DeliverableS4Simile "Naive use of persistent store in Jena decreases performance by 100x:
* Part of the problem is limited expressivity in RDQL
* Look at performance tuning on databases
* Ryan: Look at the performance of more specialized RDF databases, cf. Kowari"

Open Source Projects That Use Java NIO "The storage engine of Kowari is a transactional triplestore known as the XA Triplestore. ll relevant fields of in-memory and on-disk data structures are 64 bits wide..."

Kowari for hundreds of millions of triples "Jim Hendler emailed me in response to my having mentioned on www-rdf-interest@w3c.org that I was surveying triple stores for use in data mining and machine learning. He mentioned a Java-based, non-relational, triple store called Kowari that is available in open source form..."

RDQLPlus "I discovered Kowari last week. The iTQL language is very similar to what I've come up with for RDQLPlus... having equally been inspired by SQL/DDL. Kowari looks like a nice database. I've downloaded it but haven't had a chance to play with it yet..."

Some Tools "Kowari is a layer on top of Jena with OWL reasoning, too"

I would say that Kowari is a layer beneath Jena - one that provides persistance. The OWL reasoning is really only offered at the moment through Jena. However, we will be getting some basic inferencing, at our own query layer, in there soon too.

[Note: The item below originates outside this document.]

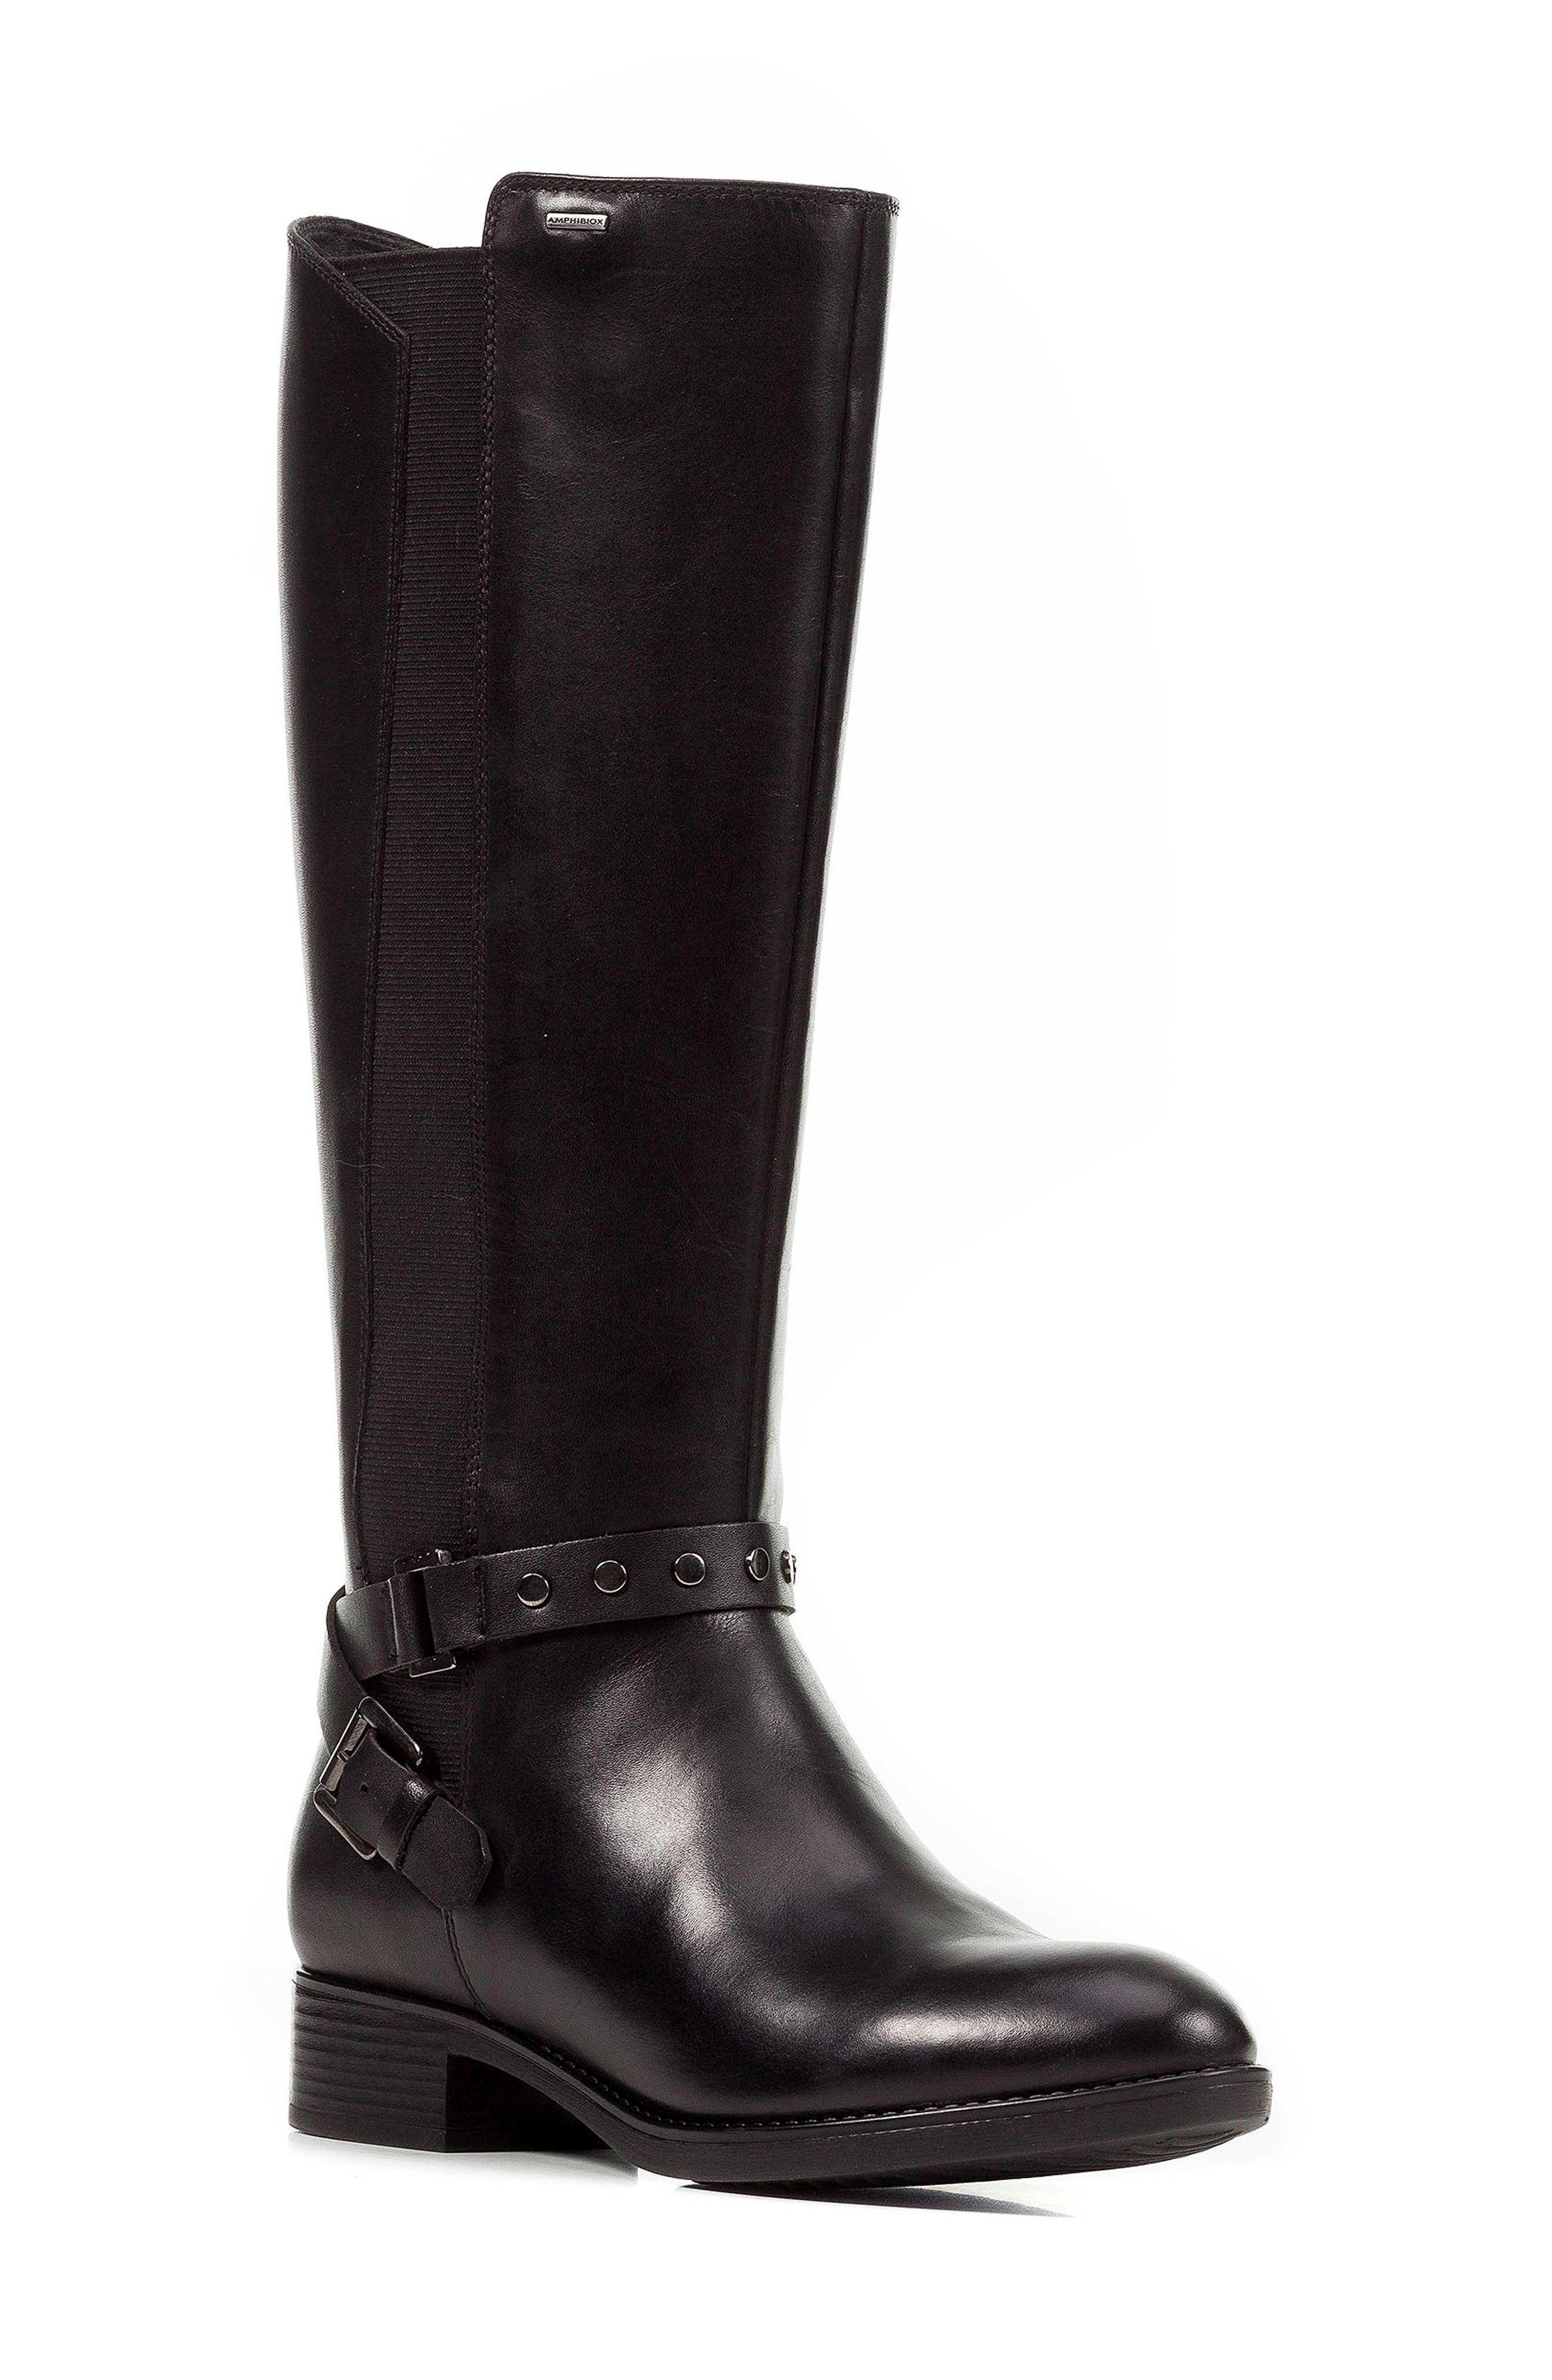 Geox Felicity Abx Waterproof Knee High Riding Boot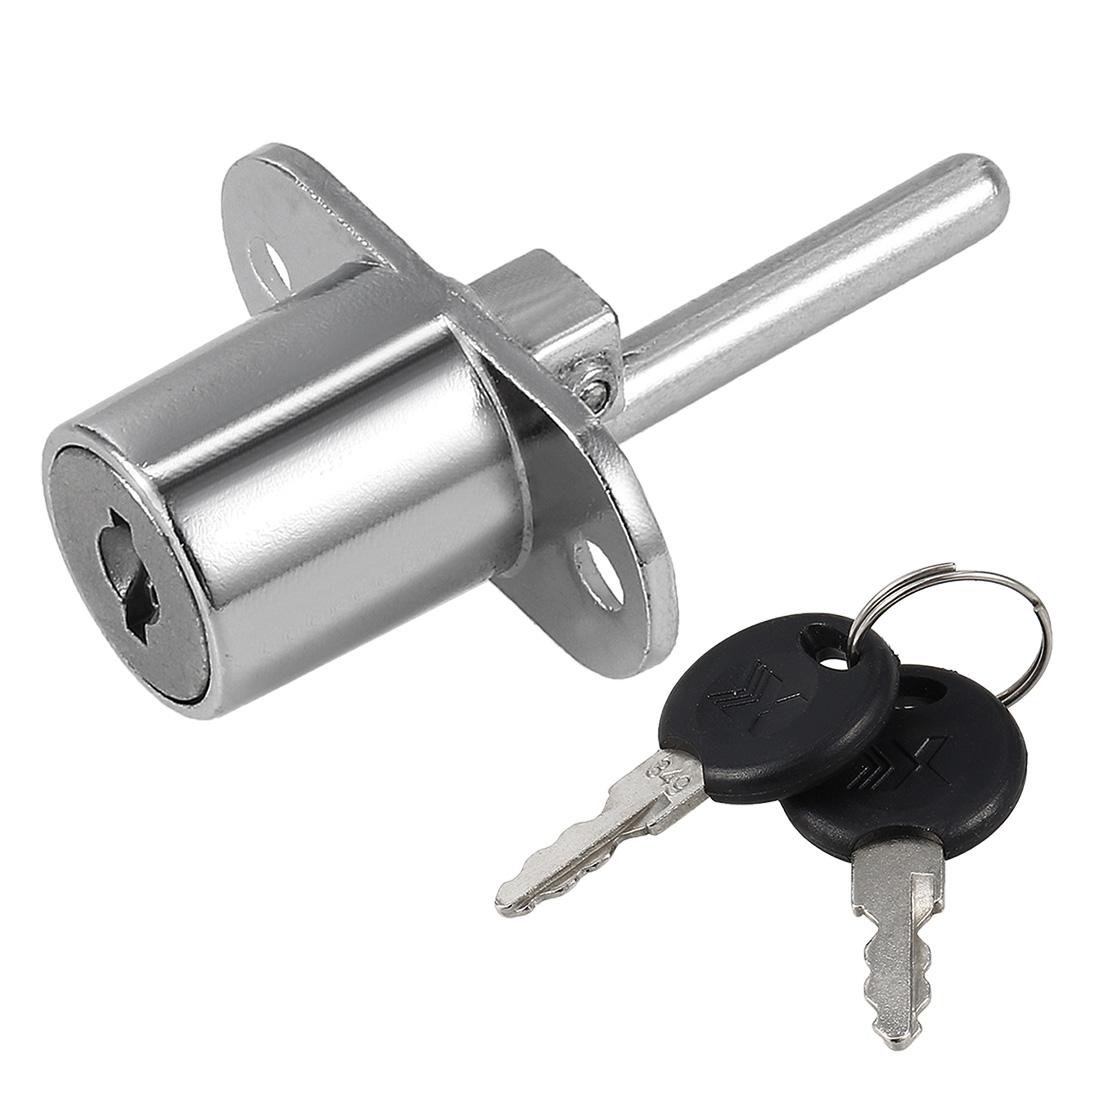 Drawer Lock, 3/4-inch(19mm) Diameter 20mm Long Cylinder, Keyed Different

[protege-discussion] Re: large data sets, bulk data acquisition "I had a really bad time with Kowari earlier this year, it wouldn't compile and then pass its own self-tests...."

This is basically problems with Windows. We develop on Linux and OS X and only do QA on Windows. Our initial release had known problems under Windows - which lead to failing unit tests but was not fatal for data storage. Anyway, it is fixed now; although Windows does have some drawbacks when it comes to using NIO.

Ontological Software Development

Semantic Mapping, Ontologies, and XML Standards ""Within an ontological framework, integration analysis naturally leads to generalization."

Considering that statement, it's also clear that application independence of ontological models makes these applications candidates for reference models. We do this by stripping the applications of the semantic divergences that were introduced to satisfy their requirements, thus creating a common application integration foundation for use as the basis for an application integration project."

"Once we define the ontologies, we must account for the semantic mismatches that occur during translations between the various terminologies. Therefore, we have the need for mapping.

Creating maps is significant work that leverages a great deal of reuse. The use of mapping requires the "ontology engineer" to modify and reuse mapping. Such mapping necessitates a mediator system that can interpret the mappings in order to translate between the different ontologies that exist in the problem domain. It is also logical to include a library of mapping and conversion functions, as there are many standards transformations employable from mapping to mapping."